Quantization Methods

A — Dynamic Range Quantization

Output file: model_dynamic_quant.tflite
Quantizes weights from float32 to int8 at conversion time.
Activations are quantized dynamically at inference time.
Fastest to convert; no calibration data required.
Good balance between size reduction and accuracy.

B — Float16 Quantization

Output file: model_fp16_quant.tflite
Reduces weight precision from float32 to float16.
Ideal for GPU-accelerated edge devices that support fp16 natively.
Smaller model size with minimal accuracy loss.
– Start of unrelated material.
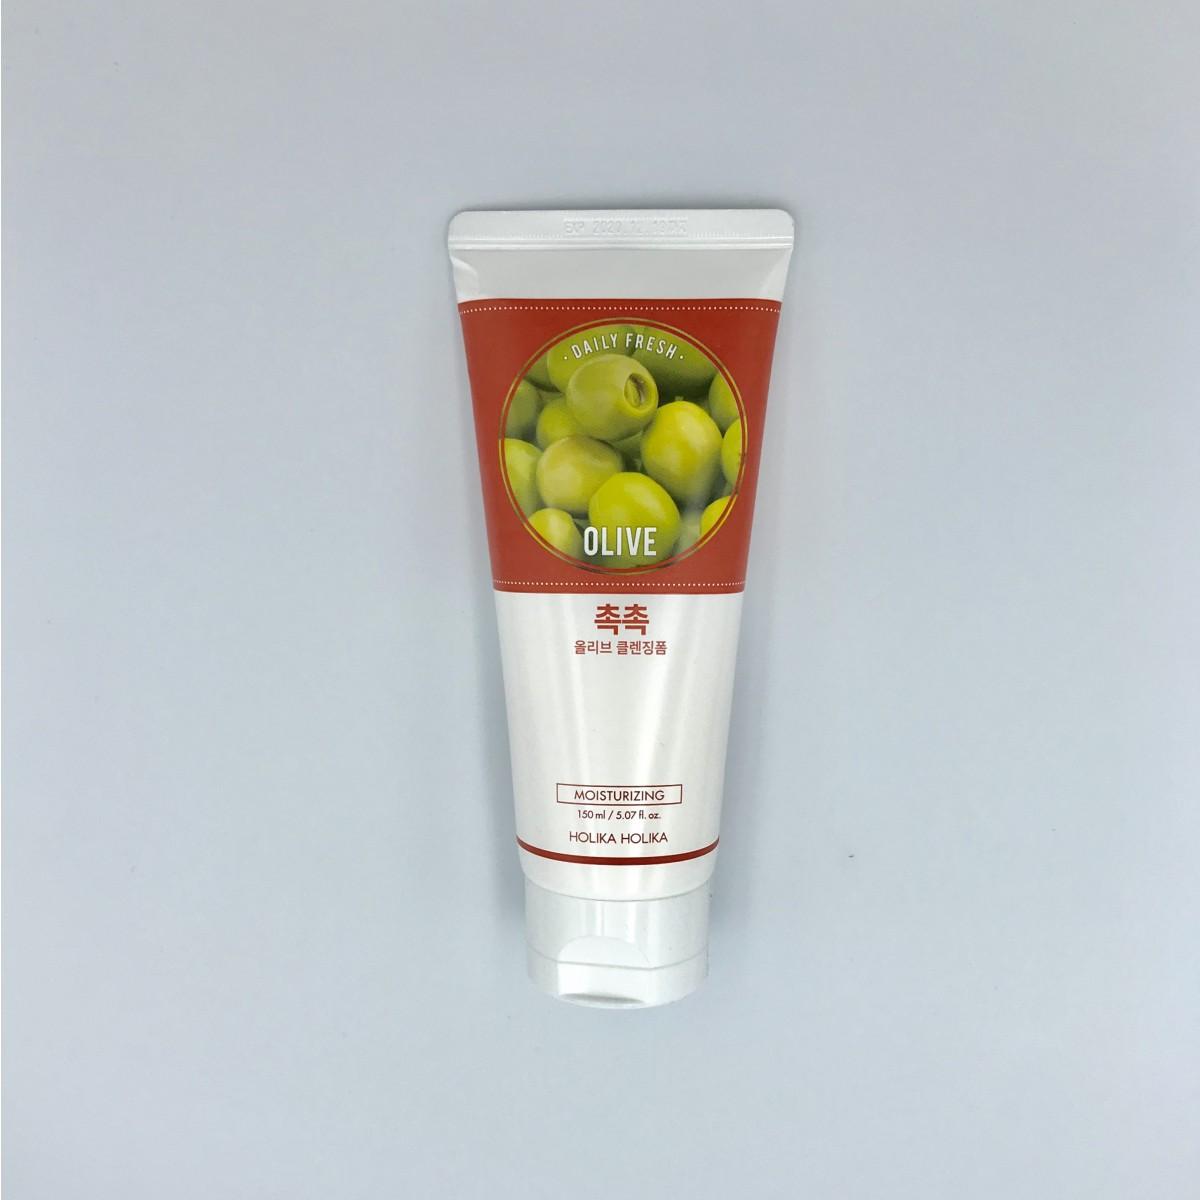 Очищающая пенка для лица с оливой Holika Holika Daily Fresh Cleansing Olive Cleansing Foam - 150 мл

C — Full Integer (INT8) Quantization

Output file: model_full_int8.tflite
Quantizes both weights and activations to int8.
Requires a representative dataset for calibration (currently uses random dummy data — replace with real video samples for best results).
Input and output tensors are also forced to int8.
Smallest model size; best suited for CPU-only or microcontroller deployment.

Requirements

tensorflow
numpy

Usage

1. Load the Base Model

import tensorflow as tf

tf.config.set_visible_devices([], 'GPU')  # Hide GPU to avoid CuDNN issues
model = tf.keras.models.load_model('path/to/modelv2.keras')

2. Run Quantization

Open and run the notebook cells in order:

Cell 1–2 — Load the model
Cell 3–4 — Dynamic range quantization → model_dynamic_quant.tflite
Cell 5–6 — Float16 quantization → model_fp16_quant.tflite
Cell 7–8 — Full INT8 quantization → model_full_int8.tflite

Important Notes

Representative dataset: The INT8 quantization cell uses random dummy data for calibration. For production use, replace dummy_data in representative_data_gen() with real video frames from your training set to get accurate quantization ranges.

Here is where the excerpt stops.